*** Block opens ***

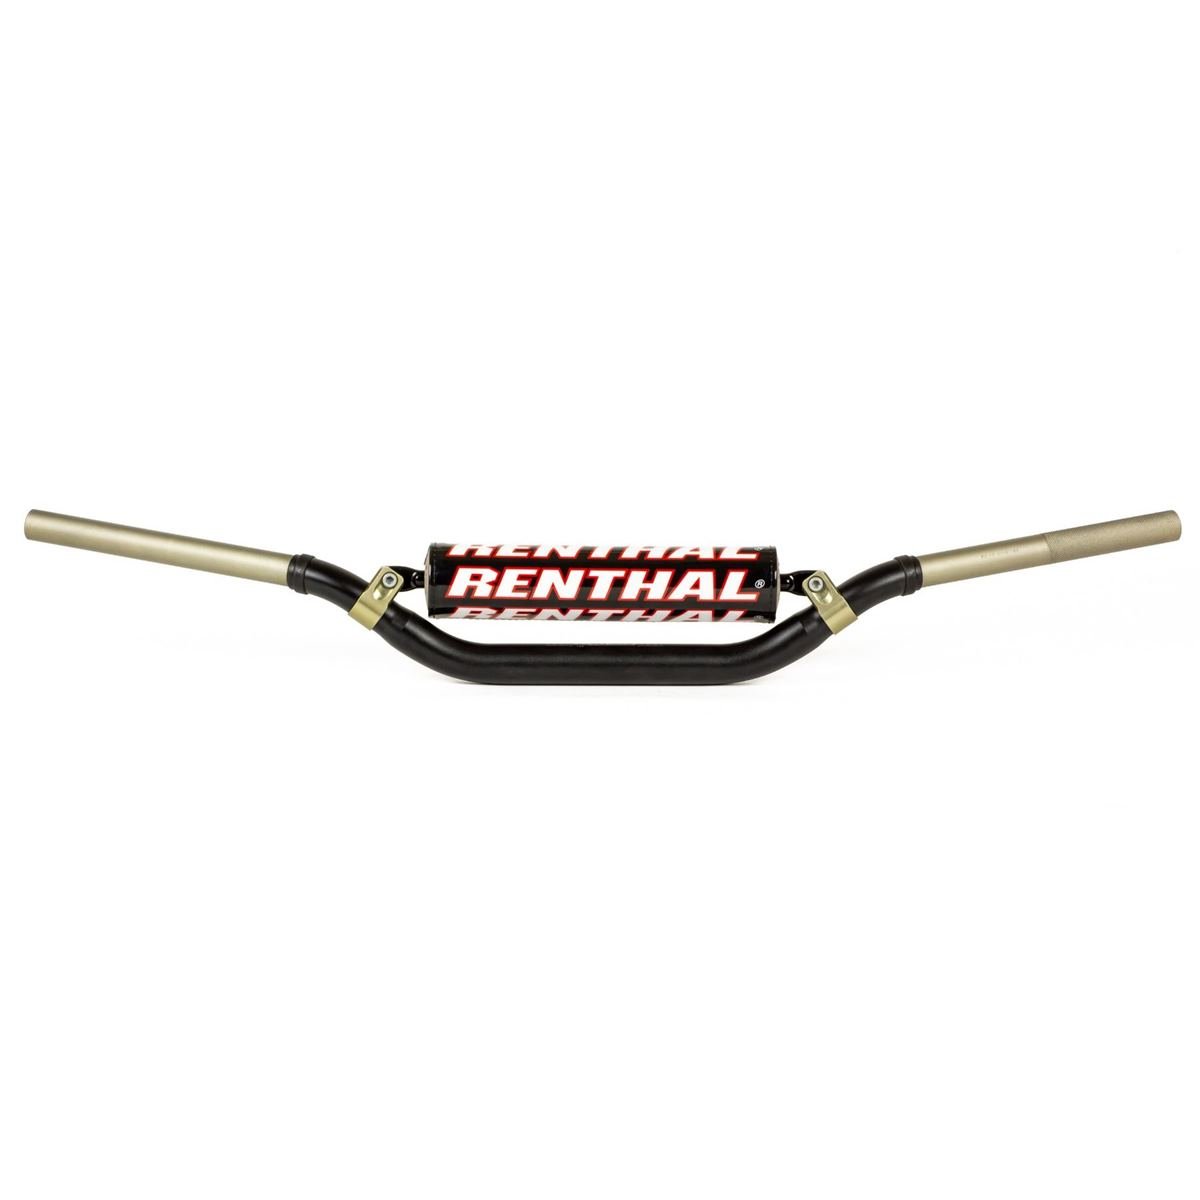 Renthal Lenker Twinwall 990, 28.6 mm, YZ/YZ-F
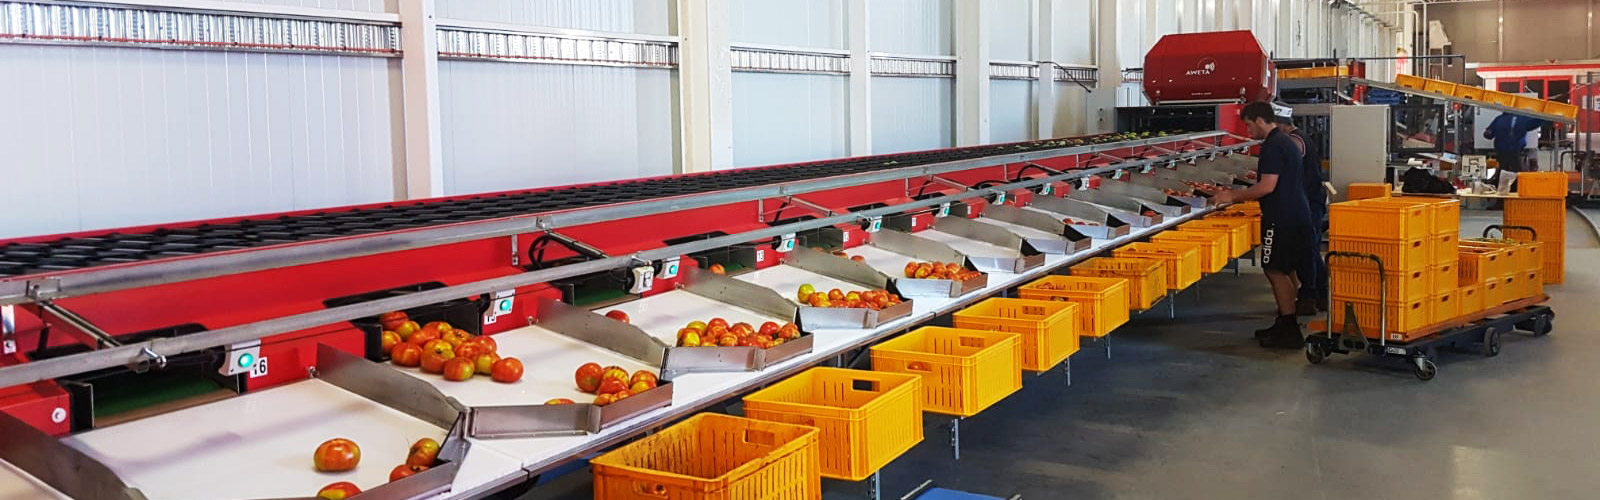 Tomato sorting machine for Australia
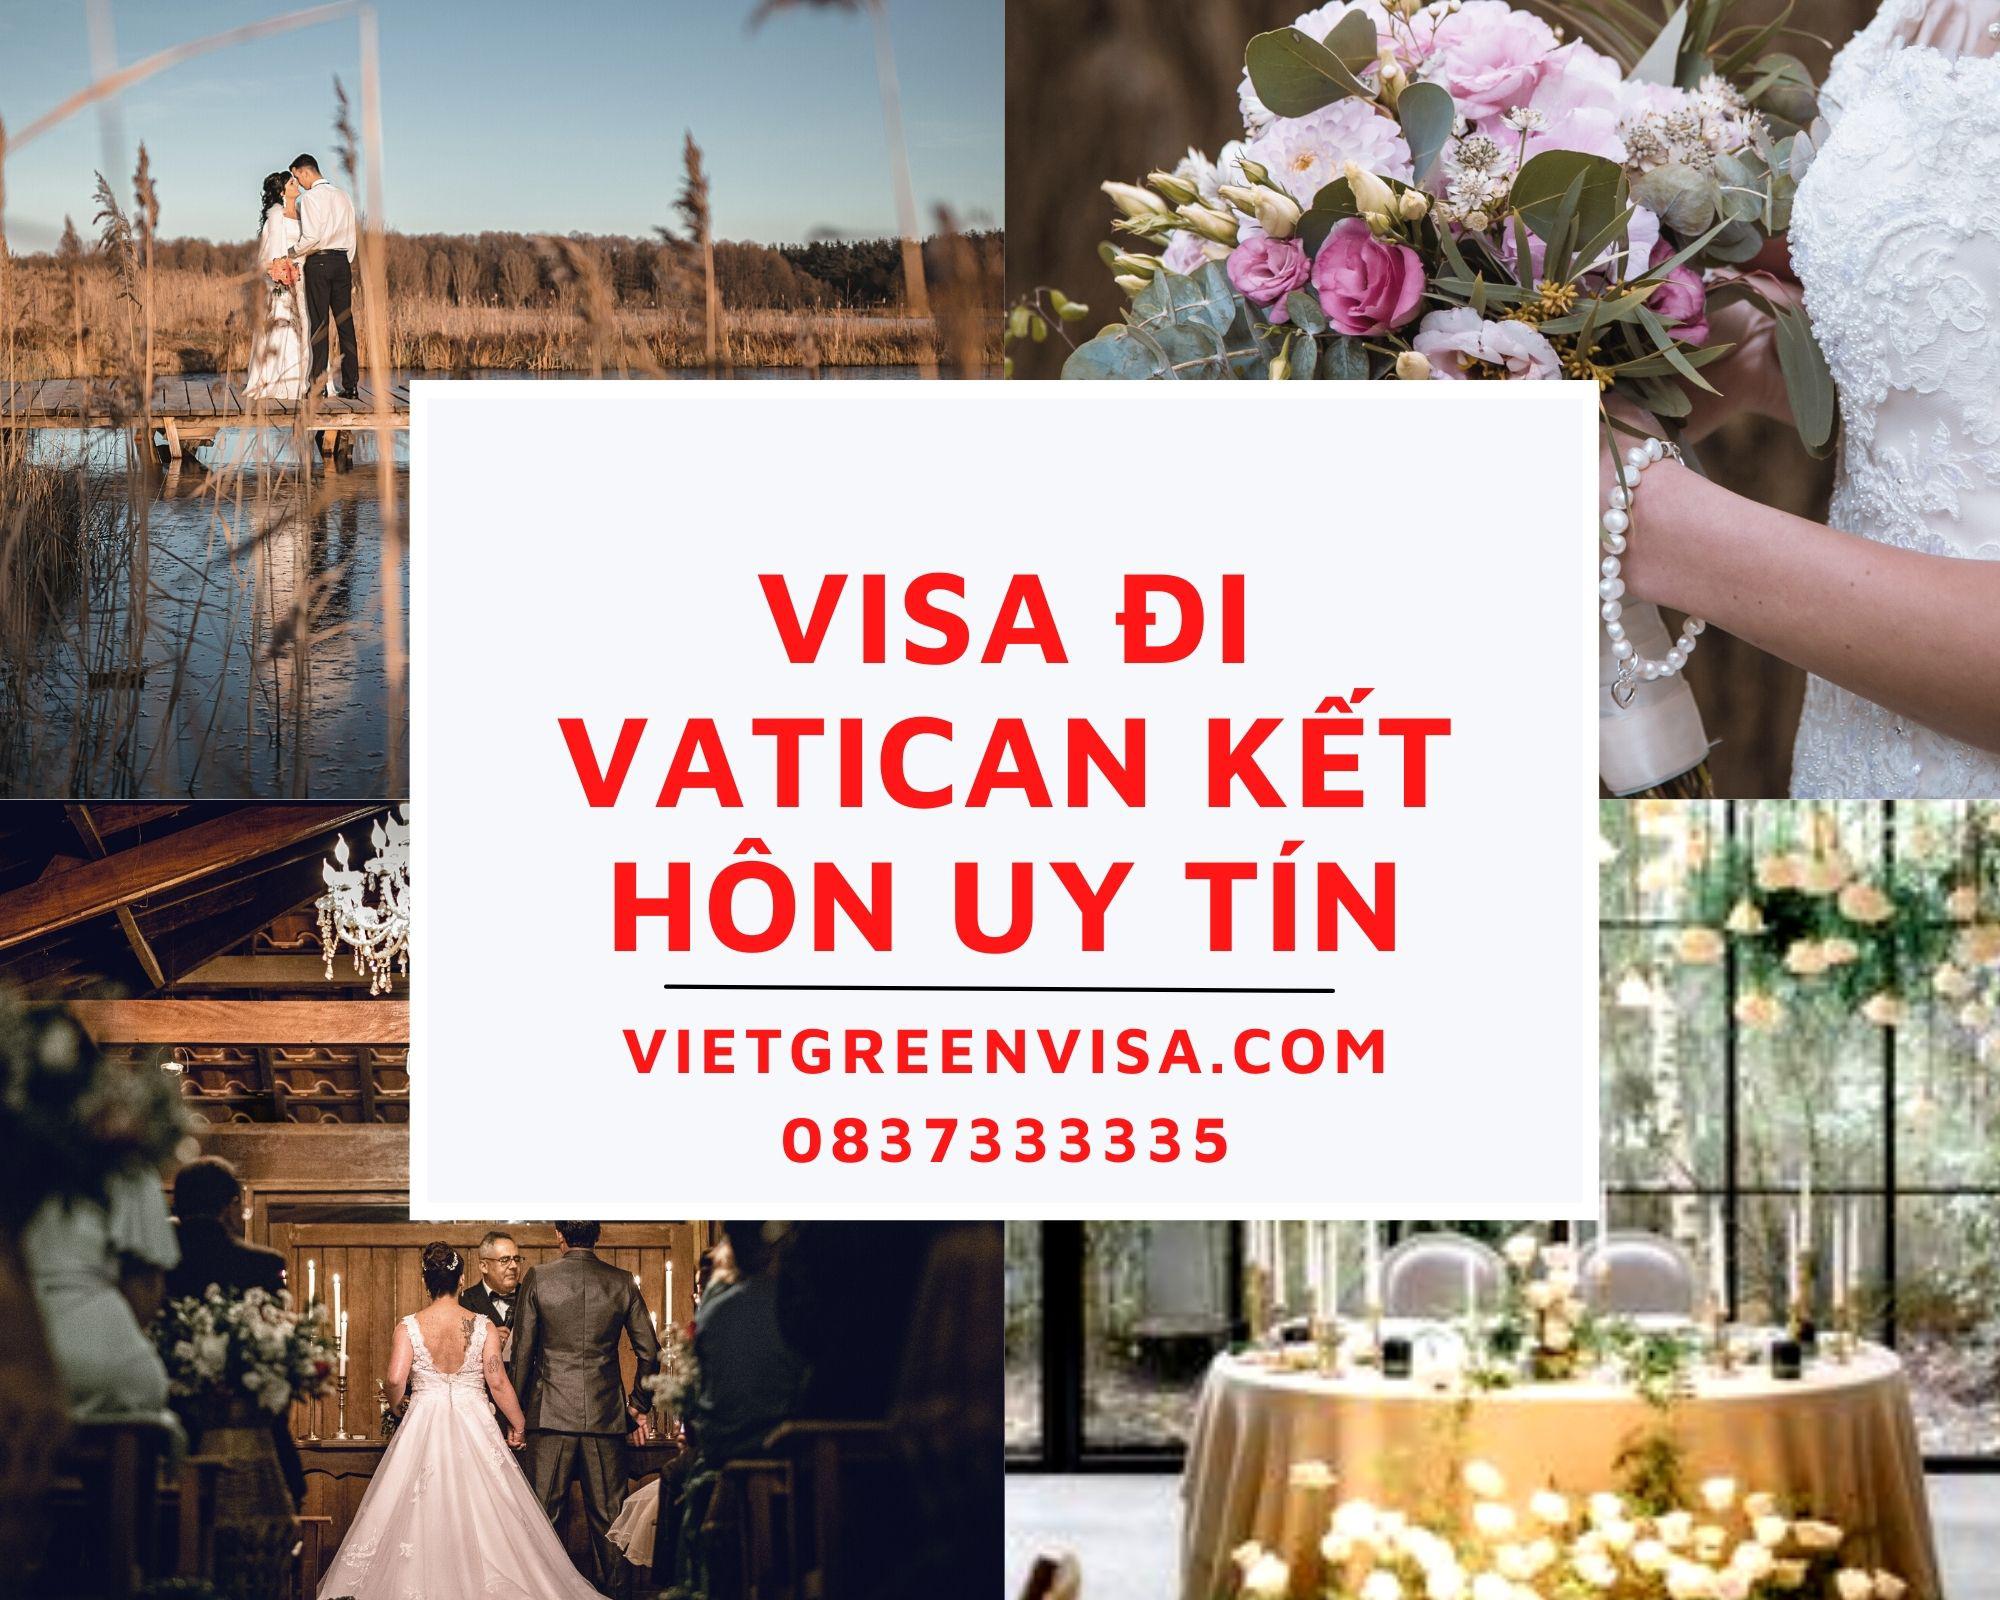 Làm visa đi Vatican kết hôn nhanh chóng, uy tín

*** Block closes ***

_What needs to be done_. Write the data out again word for word; leave the pictures behind.

_Response to this task_.
 Renthal Lenker Twinwall 990, 28.6 mm, YZ/YZ-F
 Tomato sorting machine for Australia
 Làm visa đi Vatican kết hôn nhanh chóng, uy tín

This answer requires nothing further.